Kamesh Ramamoorthy, VP, Enterprise Applications, of Ramco Systems believes that the public sector and government agencies should take to Indian products sooner. He also says that organizations like Nasscom's Product Forum should encourage that action within the country. Makarand Patalkar, chief of staff, Executive Management Office, i-flex takes it one step further and says that Nasscom should be much more active in imbibing the idea of an Indian product brand on the global scene.

Sunil Mehta, VP of Nasscom, says that the Product Forum is working with the IT ministry to open certain sectors of government procurement to Indian products, especially defense. They are in talks with the ministry to include a clause in the tender notices, which insists that candidates should have an Indian product as part of their portfolio offering.
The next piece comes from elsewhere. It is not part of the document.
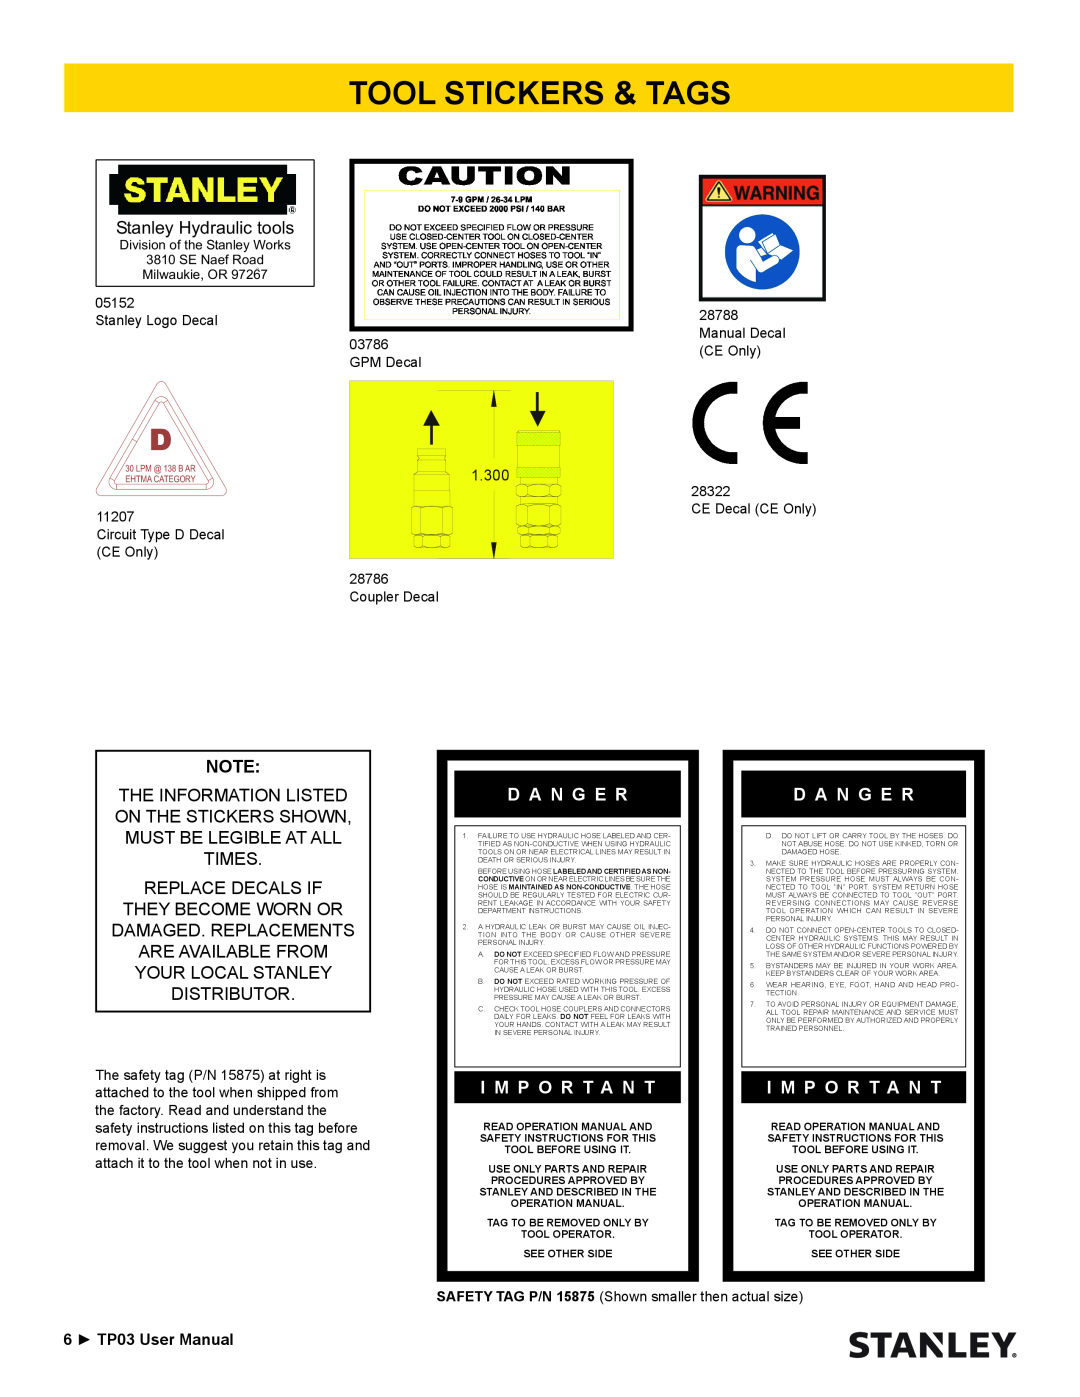 Stanley Black & Decker TP03 user manual Tool Stickers & Tags, D A N G E R, I M P O R T A N T

Knowing bureaucracy though, that might take some time to be implemented but Nasscom does not seem to be in a big hurry to go down this road, stating that it prefers to take things one at a time.

Indomitable Spirit
The fact that product companies remain optimistic despite challenges is probably a tribute to their spirit. And, to a growing belief that as entry level barriers in the services segment increase, product development might suddenly become popular. "It's a process of evolution. It's more and more difficult to start services companies on a small scale these days, which means more entrepreneurs will gravitate towards products in the future. It's an inevitable phenomenon which will happen gradually when the services mantra dies down a bit," says Subhash. "Products will never be as big for India like the services. This is because the global market for products is just not as big as the services opportunity. But considering that we are starting off from a relatively small base, the market opportunities are going to be limitless for the next five years at least," says Ravi. There are, however, some unrecognized challenges.

Key among them for the domestic market-a robust distribution and retail channel, especially if the SME segment is to bring in bulk of the volume growth. In the exports market-not just branding and marketing, but the available of money to pour into a world class product.

In the long term, a whole lot of things have to come together and work as a whole to translate the products potential into clear reality. And it makes a lot more sense for organizations and forums to work on behalf of the product community, rather than leave it to small individual players to struggle it out in the global sea.

Calm seas to swim in and able pilots to steer the ship into port-that's what the Indian software product brand needs in 2004-05.